基本示例 | Basic Example
NA
缺陷 | Drawbacks
NA
未解决问题 | Unresolved questions
No response
Yes, actually we have open-sourced MiniCPM-Visual-Embedding built upon MiniCPM-V-2.0, which is capable of:
-
Help you read a long visually-intensive or text-oriented PDF document and find the pages that answer your question.
-
Help you build a personal library and retireve book pages from a large collection of books.
-
It has only 2.8B parameters, and has the potential to run on your PC.
We open-sourced our visual embedding model at huggingface https://huggingface.co/RhapsodyAI/minicpm-visual-embedding-v0
You are welcomed to try our demo at https://huggingface.co/spaces/bokesyo/minicpm-visual-embeeding-v0-demo
We will open-source pdf visual embedding model based on MiniCPM-V-2.6 in about two weeks. If you want to spend some time finetune visual-embedding yourself, you are welcomed to refer our training framework github repo.
@bokesyo Do you have any plan for the multi vector representations? In Colpali report, multi vector showed much better performance than single vector
@bokesyo Also curious are you affiliated to OpenBMB? I saw the embedding model is under a different organization.
@bokesyo Do you have any plan for the multi vector representations?
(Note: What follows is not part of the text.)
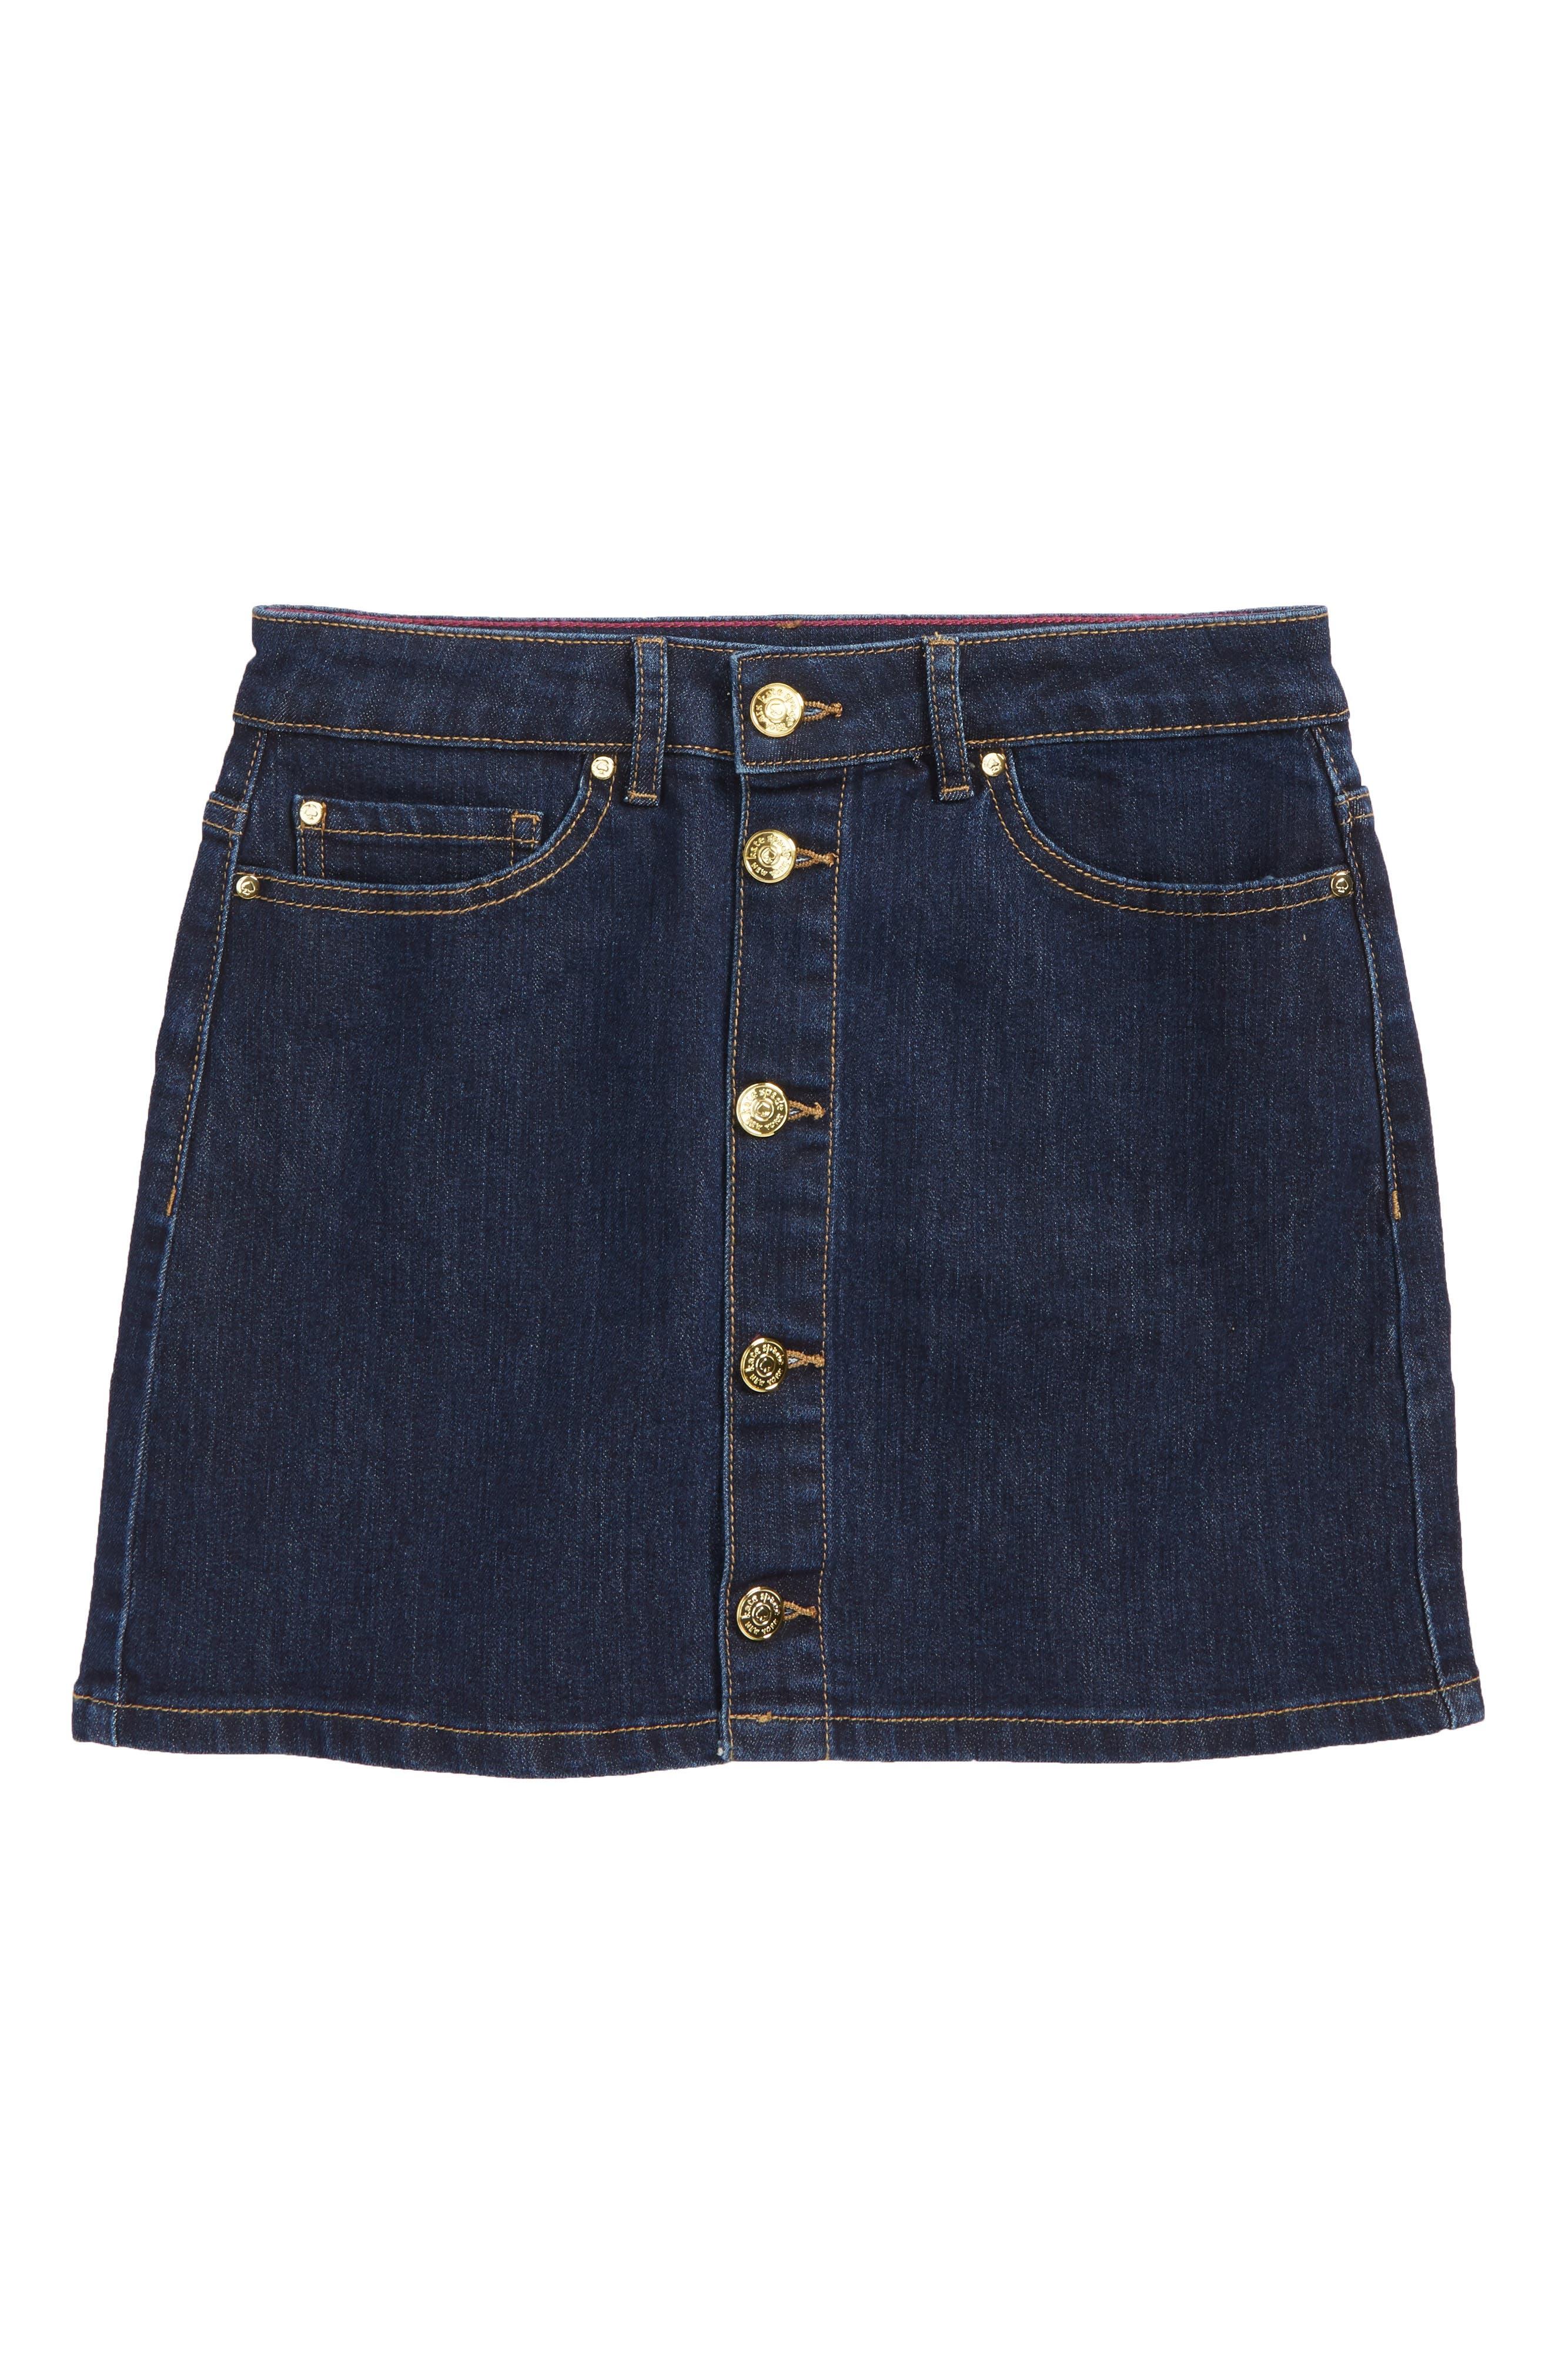 denim skirt,                             Main thumbnail 1, color,                             402

In Colpali report, multi vector showed much better performance than single vector
Not yet, currently we only use one vector to represent the page and easier to implement. 😂
@bokesyo Also curious are you affiliated to OpenBMB? I saw the embedding model is under a different organization.
Yes, but we think this is visual embedding technique is experimental and a preview version, so we did not put it on OpenBMB. When the quantitative evaluation result is ready and final model with all training data is ready, we will release on OpenBMB.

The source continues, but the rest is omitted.